> [TASK] Write the records out again. Match them exactly.

> [INFORMATION PROVIDED]
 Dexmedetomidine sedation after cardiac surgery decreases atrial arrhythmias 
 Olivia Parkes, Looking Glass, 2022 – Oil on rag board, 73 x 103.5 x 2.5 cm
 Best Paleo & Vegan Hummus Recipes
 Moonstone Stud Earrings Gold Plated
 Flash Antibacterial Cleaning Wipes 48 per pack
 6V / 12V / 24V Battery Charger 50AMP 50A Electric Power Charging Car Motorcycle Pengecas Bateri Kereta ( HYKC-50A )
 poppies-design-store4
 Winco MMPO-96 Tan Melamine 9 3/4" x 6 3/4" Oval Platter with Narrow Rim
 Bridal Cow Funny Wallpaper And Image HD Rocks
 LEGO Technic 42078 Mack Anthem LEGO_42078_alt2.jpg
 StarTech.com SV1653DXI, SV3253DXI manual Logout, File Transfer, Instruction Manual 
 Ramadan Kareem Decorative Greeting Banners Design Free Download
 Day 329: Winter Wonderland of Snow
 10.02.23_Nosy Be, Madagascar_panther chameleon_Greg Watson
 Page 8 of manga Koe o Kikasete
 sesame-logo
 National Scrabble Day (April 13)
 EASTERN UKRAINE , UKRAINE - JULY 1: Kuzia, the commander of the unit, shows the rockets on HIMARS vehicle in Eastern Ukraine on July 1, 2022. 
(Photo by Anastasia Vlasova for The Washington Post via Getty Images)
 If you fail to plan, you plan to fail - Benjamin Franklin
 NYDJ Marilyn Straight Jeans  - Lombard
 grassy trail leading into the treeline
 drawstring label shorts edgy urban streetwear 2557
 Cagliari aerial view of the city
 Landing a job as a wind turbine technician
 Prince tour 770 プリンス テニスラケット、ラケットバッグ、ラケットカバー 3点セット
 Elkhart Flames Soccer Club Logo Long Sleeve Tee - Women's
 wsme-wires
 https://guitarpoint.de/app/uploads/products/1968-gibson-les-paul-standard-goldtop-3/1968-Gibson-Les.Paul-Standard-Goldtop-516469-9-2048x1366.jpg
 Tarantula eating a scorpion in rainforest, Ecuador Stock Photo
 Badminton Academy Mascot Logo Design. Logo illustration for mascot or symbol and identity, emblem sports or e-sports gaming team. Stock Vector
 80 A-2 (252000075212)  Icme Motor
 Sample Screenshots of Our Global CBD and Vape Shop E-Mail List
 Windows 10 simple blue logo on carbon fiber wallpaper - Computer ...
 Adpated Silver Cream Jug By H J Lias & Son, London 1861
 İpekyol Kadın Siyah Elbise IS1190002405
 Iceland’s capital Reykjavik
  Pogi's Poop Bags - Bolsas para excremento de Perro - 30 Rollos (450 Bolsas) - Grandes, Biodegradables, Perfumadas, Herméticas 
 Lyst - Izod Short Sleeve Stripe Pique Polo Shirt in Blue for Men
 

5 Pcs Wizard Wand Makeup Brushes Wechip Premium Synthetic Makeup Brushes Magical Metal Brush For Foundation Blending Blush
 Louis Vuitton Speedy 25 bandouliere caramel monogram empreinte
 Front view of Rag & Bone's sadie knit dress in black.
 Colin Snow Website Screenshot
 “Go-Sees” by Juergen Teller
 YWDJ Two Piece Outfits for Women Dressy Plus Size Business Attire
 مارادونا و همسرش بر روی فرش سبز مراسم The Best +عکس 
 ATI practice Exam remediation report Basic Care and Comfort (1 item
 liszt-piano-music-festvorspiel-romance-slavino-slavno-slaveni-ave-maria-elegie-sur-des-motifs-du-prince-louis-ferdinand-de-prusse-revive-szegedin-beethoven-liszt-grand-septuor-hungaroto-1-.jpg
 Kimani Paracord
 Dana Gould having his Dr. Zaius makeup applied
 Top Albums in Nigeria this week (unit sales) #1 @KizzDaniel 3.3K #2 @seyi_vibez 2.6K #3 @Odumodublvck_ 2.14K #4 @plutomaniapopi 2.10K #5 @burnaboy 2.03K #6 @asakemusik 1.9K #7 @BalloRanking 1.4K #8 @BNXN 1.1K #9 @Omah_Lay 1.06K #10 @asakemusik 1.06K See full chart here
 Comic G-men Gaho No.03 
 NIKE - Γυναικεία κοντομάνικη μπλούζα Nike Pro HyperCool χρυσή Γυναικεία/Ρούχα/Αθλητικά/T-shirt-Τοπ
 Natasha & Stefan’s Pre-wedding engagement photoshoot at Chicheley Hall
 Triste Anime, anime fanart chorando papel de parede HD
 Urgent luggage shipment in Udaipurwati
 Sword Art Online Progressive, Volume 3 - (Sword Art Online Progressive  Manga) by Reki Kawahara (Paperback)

> [WRITTEN RESPONSE]
 Dexmedetomidine sedation after cardiac surgery decreases atrial arrhythmias 
 Olivia Parkes, Looking Glass, 2022 – Oil on rag board, 73 x 103.5 x 2.5 cm
 Best Paleo & Vegan Hummus Recipes
 Moonstone Stud Earrings Gold Plated
 Flash Antibacterial Cleaning Wipes 48 per pack
 6V / 12V / 24V Battery Charger 50AMP 50A Electric Power Charging Car Motorcycle Pengecas Bateri Kereta ( HYKC-50A )
 poppies-design-store4
 Winco MMPO-96 Tan Melamine 9 3/4" x 6 3/4" Oval Platter with Narrow Rim
 Bridal Cow Funny Wallpaper And Image HD Rocks
 LEGO Technic 42078 Mack Anthem LEGO_42078_alt2.jpg
 StarTech.com SV1653DXI, SV3253DXI manual Logout, File Transfer, Instruction Manual 
 Ramadan Kareem Decorative Greeting Banners Design Free Download
 Day 329: Winter Wonderland of Snow
 10.02.23_Nosy Be, Madagascar_panther chameleon_Greg Watson
 Page 8 of manga Koe o Kikasete
 sesame-logo
 National Scrabble Day (April 13)
 EASTERN UKRAINE , UKRAINE - JULY 1: Kuzia, the commander of the unit, shows the rockets on HIMARS vehicle in Eastern Ukraine on July 1, 2022. 
(Photo by Anastasia Vlasova for The Washington Post via Getty Images)
 If you fail to plan, you plan to fail - Benjamin Franklin
 NYDJ Marilyn Straight Jeans  - Lombard
 grassy trail leading into the treeline
 drawstring label shorts edgy urban streetwear 2557
 Cagliari aerial view of the city
 Landing a job as a wind turbine technician
 Prince tour 770 プリンス テニスラケット、ラケットバッグ、ラケットカバー 3点セット
 Elkhart Flames Soccer Club Logo Long Sleeve Tee - Women's
 wsme-wires
 https://guitarpoint.de/app/uploads/products/1968-gibson-les-paul-standard-goldtop-3/1968-Gibson-Les.Paul-Standard-Goldtop-516469-9-2048x1366.jpg
 Tarantula eating a scorpion in rainforest, Ecuador Stock Photo
 Badminton Academy Mascot Logo Design. Logo illustration for mascot or symbol and identity, emblem sports or e-sports gaming team. Stock Vector
 80 A-2 (252000075212)  Icme Motor
 Sample Screenshots of Our Global CBD and Vape Shop E-Mail List
 Windows 10 simple blue logo on carbon fiber wallpaper - Computer ...
 Adpated Silver Cream Jug By H J Lias & Son, London 1861
 İpekyol Kadın Siyah Elbise IS1190002405
 Iceland’s capital Reykjavik
  Pogi's Poop Bags - Bolsas para excremento de Perro - 30 Rollos (450 Bolsas) - Grandes, Biodegradables, Perfumadas, Herméticas 
 Lyst - Izod Short Sleeve Stripe Pique Polo Shirt in Blue for Men
 

5 Pcs Wizard Wand Makeup Brushes Wechip Premium Synthetic Makeup Brushes Magical Metal Brush For Foundation Blending Blush
 Louis Vuitton Speedy 25 bandouliere caramel monogram empreinte
 Front view of Rag & Bone's sadie knit dress in black.
 Colin Snow Website Screenshot
 “Go-Sees” by Juergen Teller
 YWDJ Two Piece Outfits for Women Dressy Plus Size Business Attire
 مارادونا و همسرش بر روی فرش سبز مراسم The Best +عکس 
 ATI practice Exam remediation report Basic Care and Comfort (1 item
 liszt-piano-music-festvorspiel-romance-slavino-slavno-slaveni-ave-maria-elegie-sur-des-motifs-du-prince-louis-ferdinand-de-prusse-revive-szegedin-beethoven-liszt-grand-septuor-hungaroto-1-.jpg
 Kimani Paracord
 Dana Gould having his Dr. Zaius makeup applied
 Top Albums in Nigeria this week (unit sales) #1 @KizzDaniel 3.3K #2 @seyi_vibez 2.6K #3 @Odumodublvck_ 2.14K #4 @plutomaniapopi 2.10K #5 @burnaboy 2.03K #6 @asakemusik 1.9K #7 @BalloRanking 1.4K #8 @BNXN 1.1K #9 @Omah_Lay 1.06K #10 @asakemusik 1.06K See full chart here
 Comic G-men Gaho No.03 
 NIKE - Γυναικεία κοντομάνικη μπλούζα Nike Pro HyperCool χρυσή Γυναικεία/Ρούχα/Αθλητικά/T-shirt-Τοπ
 Natasha & Stefan’s Pre-wedding engagement photoshoot at Chicheley Hall
 Triste Anime, anime fanart chorando papel de parede HD
 Urgent luggage shipment in Udaipurwati
 Sword Art Online Progressive, Volume 3 - (Sword Art Online Progressive  Manga) by Reki Kawahara (Paperback)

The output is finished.